Nikita Dolgov's technical blog: December 2014

Dec 10, 2014

Aeron

I expect Aeron will follow a trajectory similar to the one Disruptor had. Namely, fewer people will actually use it in production than learn lots of valuable lessons from its design principles. With the exception of a market feed processing system I have actually seen the Disruptor used only in a low latency logger. But I still remember how surprising the emphasis on a single writer and all the nifty non-blocking tricks looked a few years ago.

So I went through the original Strange Loop presentation for a first taste of extreme messaging wisdom. Well, for better or worse actually learning any new low-level details will take some source code digging. But from the first pass one technique in particular somehow reminded me both Disruptor and Kafka thinking.

On the sender side, there are three buffers. A clean one (empty for the time being), a dirty one (completely filled, could be used to go a little back in sent message history) and the current one (partially filled, to be used for the next send request). There is a current offset pointer shared by all the sender threads. When a message is being sent, the sender thread first tries to increment that counter with a CAS, retrying if necessary. That CAS allows multiple senders to do most work, including actually writing a message to the output buffer, without synchronization.

On the receiver side, the setup is similar but there are two offset pointers. One for the high water mark (the highest message offset seen so far) and the other for the last message received in sequential order (i.e. without missing messages with lower offsets). The two pointers allow to asynchronously restore the original sequence for messages received out of order. In addition, another thread can periodically check the difference between the two offsets to detect a loss of messages in transit and so the need for re-transmission.

Dec 5, 2014

AsterixDB

The other day I noticed that the Hyracks research prototype had a continuation. A few years ago it was quite interesting. Back in the day when the Dryad paper was in vogue but its source code was unavailable. The sql-on-hadoop segment was not as overcrowded. Heck, the term itself did not exist then if I remember correctly. I perused their recent papers and I am not quite sure what to think about it.

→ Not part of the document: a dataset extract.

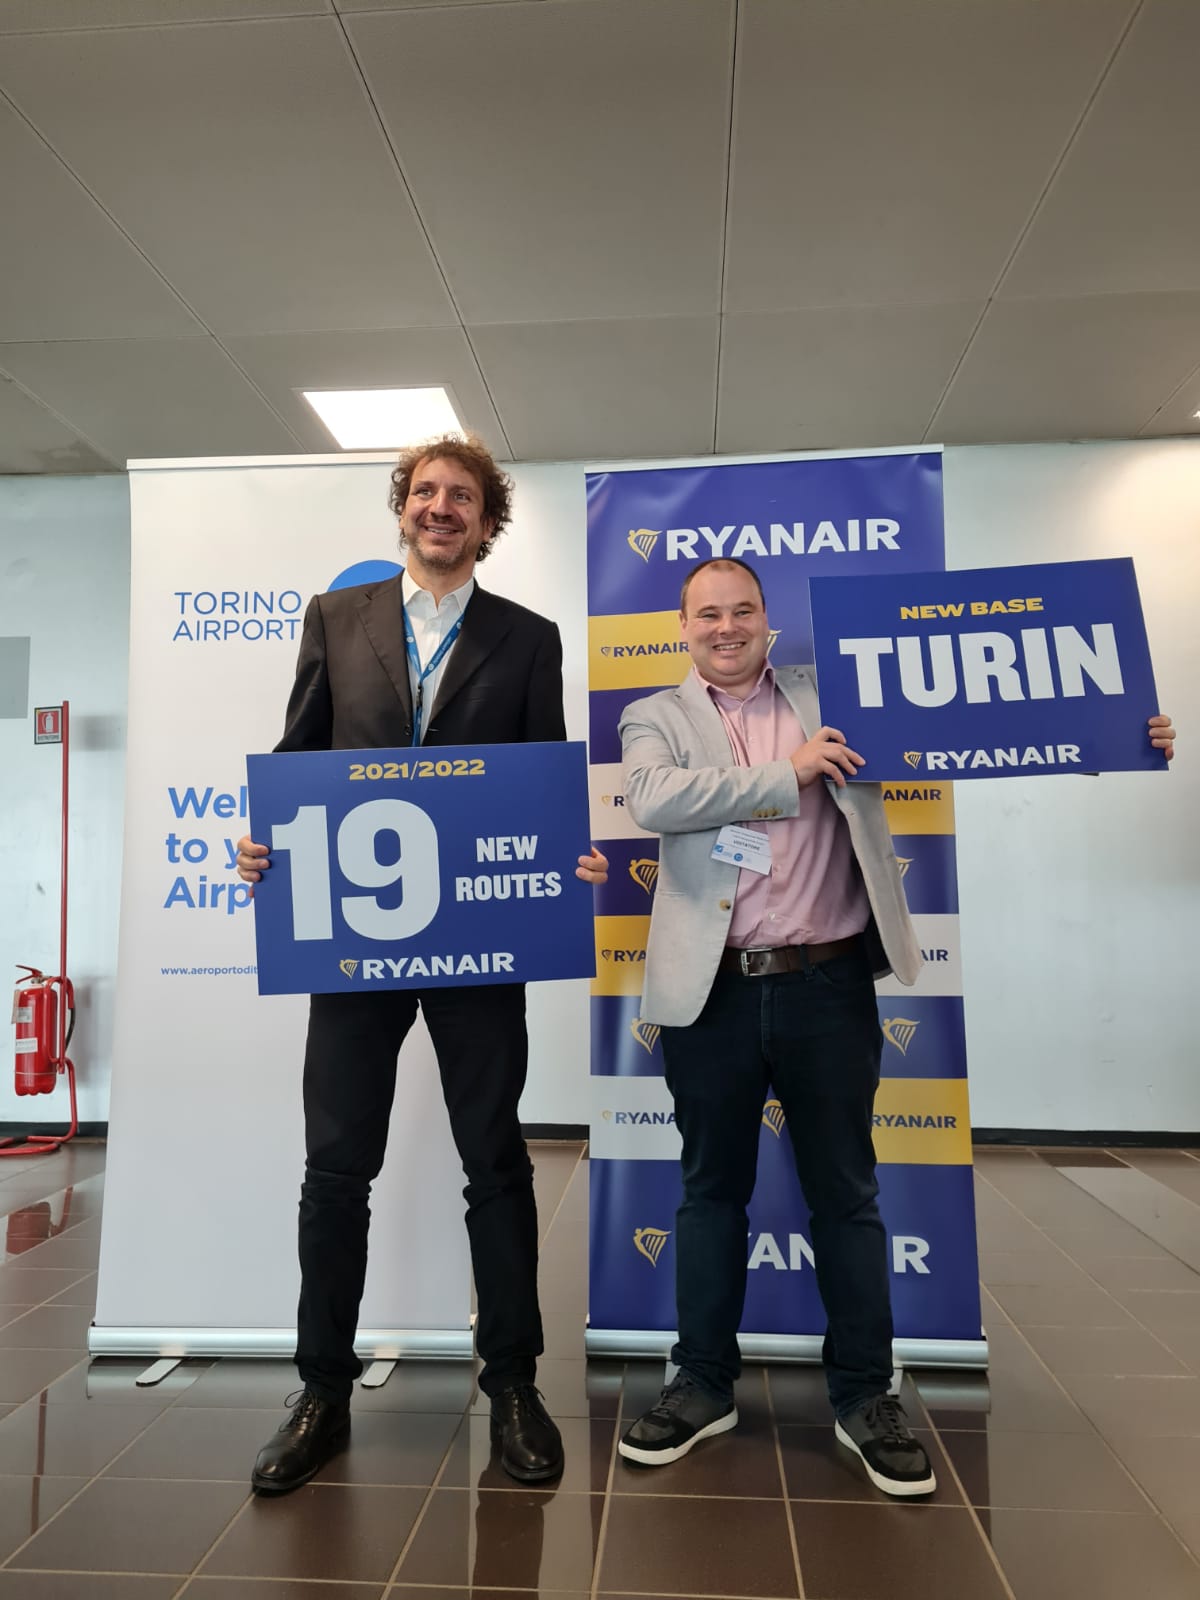 Ryanair Celebrates The Opening Of Its New Turin Base & Launches S22 Schedule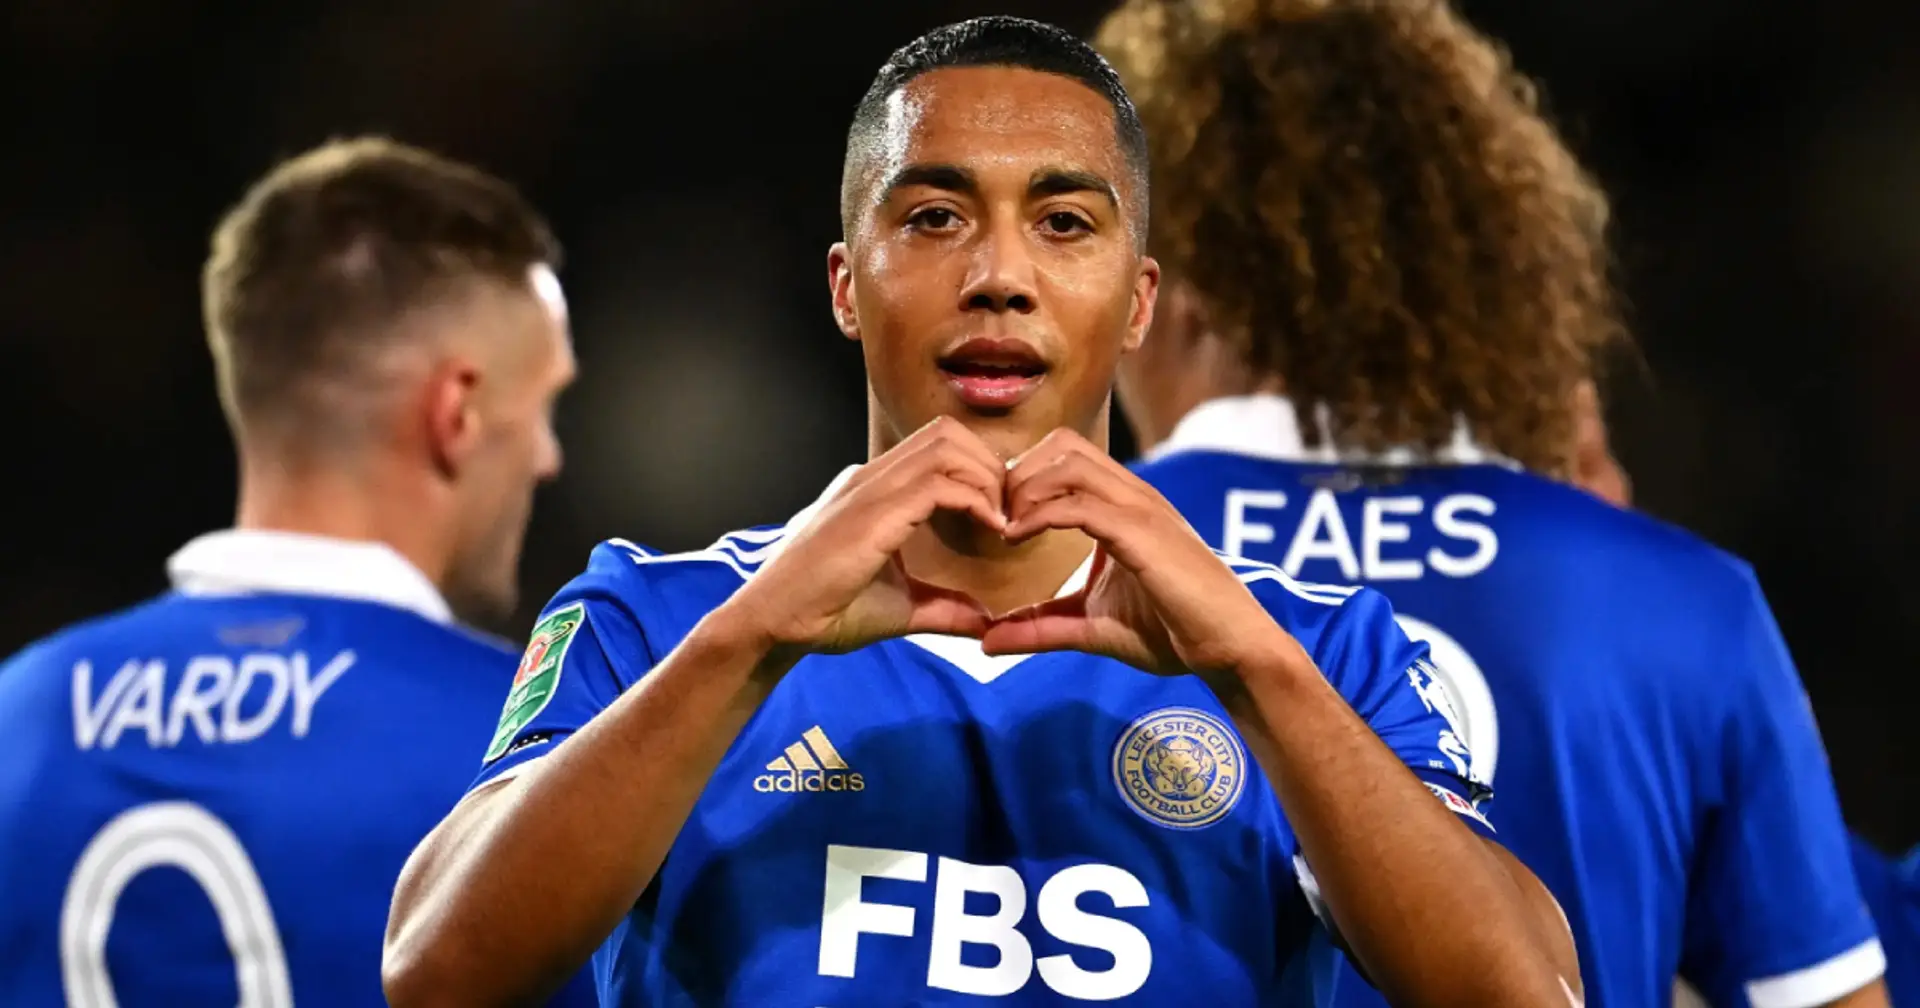 OFFICIAL: Youri Tielemans joins Aston Villa as free agent

I liked the one on data storage because it illustrates nicely the usage of LSM tree indexes. Their streaming support looks somewhat unnatural in comparison with the way event-oriented systems are built and used Storm-style. The critique of mainstream Java memory wastefulness is nice but too basic.They don't even consider vectorization which is such a hot topic in analytics. I'd rather see what the researchers think about using the off-heap storage with the latest JDK.

I understand that the academics avoid making real contributions to production systems. I am not convinced it's always justified though. Consider something like a DB cost-based optimizer. Judging from the literature it's a legit academic topic. There is only one open source optimizer project I know, Apache Calcite. It's actually a very mature framework with a long history and major products using it. It is also very meta which makes it extremely difficult to really grasp despite of impressive javadocs. I have not found any design papers on it and I regret that deficiency very much. Anyway, the AsterixDB guys don't even mention Calcite/Optiq even though they admit that their own optimizer is rule-based. The way they describe their optimizer makes me think Algebricks wants to be Calcite when it grows up.

On a lighter note, we are running out of previously unused words. When I hear that AsterixDB is a BDMS I conjure up images of a venerable video genre. When I read about Algebricks I remember Algerbird.